Разумеется, подумала про себя Амалия, устроить военную базу в стратегически выгодном и важном месте – какие пустяки!
– Увы, при жизни короля Владислава мы не успели осуществить этот план, а его сын делает все, чтобы избежать разговора о Дубровнике и присутствии там российского флота. – Военный министр развел руками. – Между тем, госпожа баронесса, этот вопрос для нас чрезвычайно важен. У нас хорошие отношения с Сербским королевством, но у Сербии нет выхода к морю, и в этом вопросе она нам не помощник. Вот если бы нам удалось закрепиться в Дубровнике…
Амалия пошевелилась, раскрыла веер и стала им обмахиваться.
– Вам должно быть известно, Алексей Николаевич, что я больше не состою на особой службе, – спокойно промолвила молодая женщина. – Кроме того, я полагаю, что это дело скорее по дипломатической части.
Однако переубедить К. было не так-то легко.
– Мы уже пытались использовать дипломатические каналы, но все старания наших людей только запутали ситуацию. Очевидно, что король Стефан не хочет пускать нас в Дубровник, а между тем нам необходимо там закрепиться. Это обезопасит нас от, гм, необдуманных действий, которые могут последовать со стороны недружественной нам Австро-Венгрии.
– И подставит под удар саму Иллирию, – тихо напомнила Амалия.
– Это политика, госпожа баронесса. – Военный министр пожал плечами. – К тому же Иллирия будет нашей союзницей, и мы, в случае чего, всегда придем ей на помощь.
Баронесса Корф сложила веер. Глаза ее сверкнули.
– Боюсь, Алексей Николаевич, иллирийцам этого недостаточно, чтобы рисковать серьезной ссорой с таким могущественным соседом, как Австрийская империя. Кроме того, если хотите знать, что я думаю о российских войнах…
– Да?
– Россия обыкновенно так выигрывает войны, что лучше бы она их проигрывала, – сухо заметила баронесса Корф. – Все время одно и то же: неоправданные людские потери и утрата контроля над ситуацией, когда война наконец кончается. Выигрывать мы, положим, умеем, но пользоваться плодами победы – никак не научимся. Вспомните хотя бы нашу войну с турками при покойном государе Александре Николаевиче.

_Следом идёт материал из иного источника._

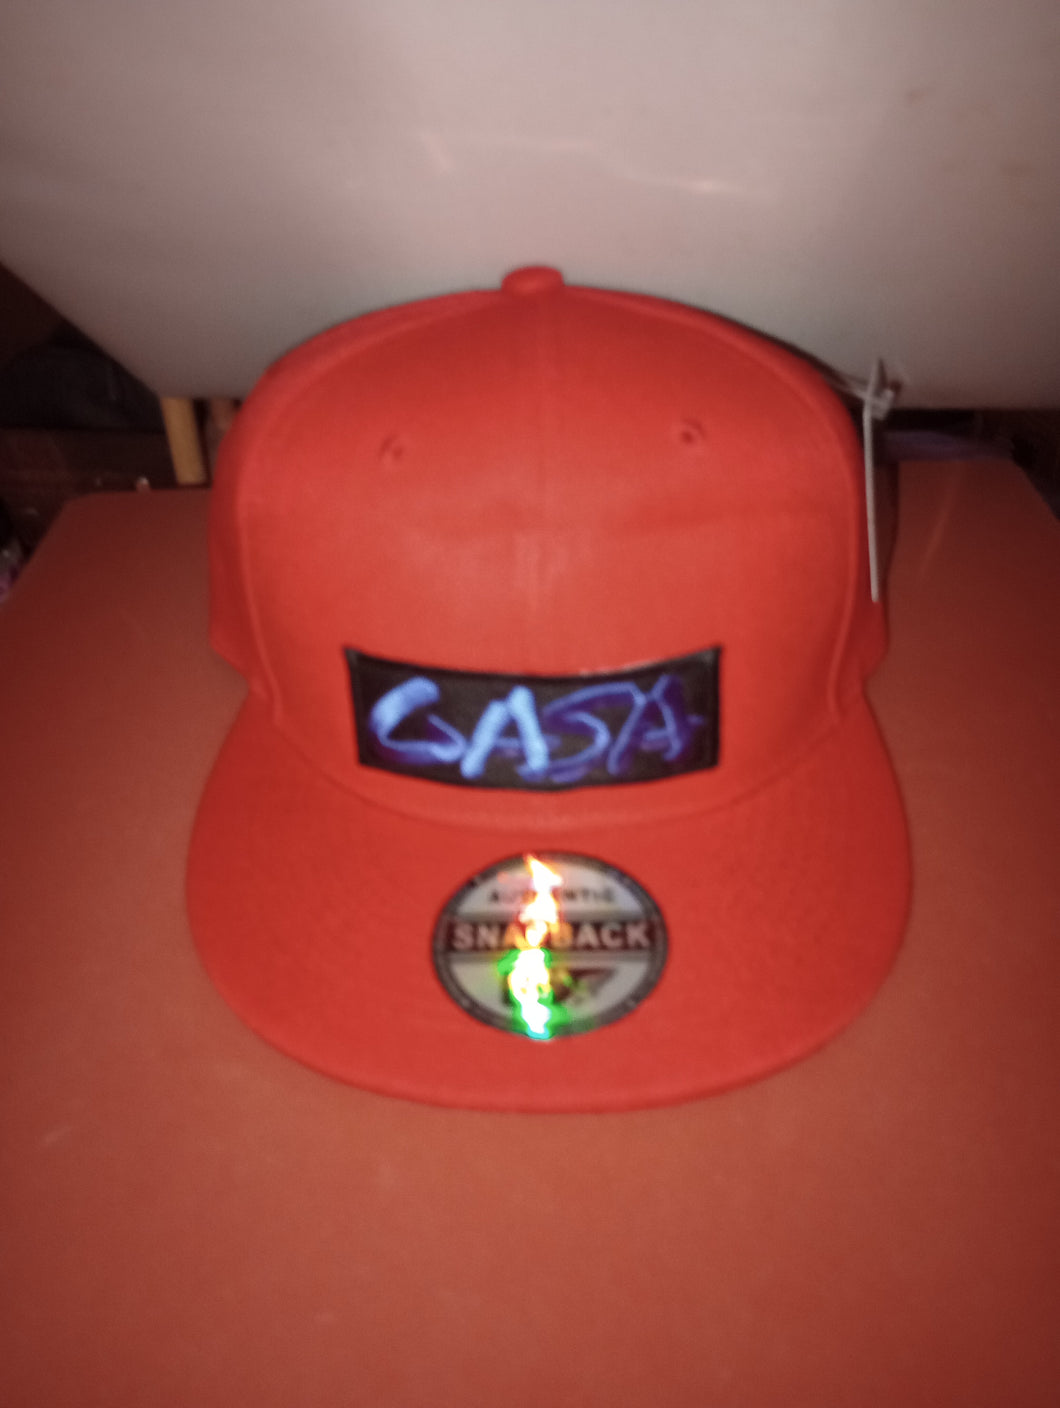 GASA snap back cap

Однако военный министр улыбнулся.
– Неужели вы против освобождения Болгарии, Амалия Константиновна?
– Нет, но меня изумляет, с какой быстротой отвернулась от нас страна, которой вообще могло не быть на карте, если бы не наше вмешательство.
– Я вижу, вы не слишком жалуете наше правительство, Амалия Константиновна, – сказал К. после паузы.
– Правительство? – Баронесса Корф раздраженно повела плечами, и по тому, как сверкнули ее карие глаза, военный министр догадался, что его гостья разошлась не на шутку. – В России, Алексей Николаевич, бывает только два правительства: плохое и очень плохое. И нам следует благодарить бога, что мы имеем всего лишь плохое правительство, потому что очень плохое – это либо кровопийца Иван Грозный, пропади он пропадом, либо Лжедмитрий, Смутное время и гражданская война. Пусть уж лучше будет просто плохое правительство.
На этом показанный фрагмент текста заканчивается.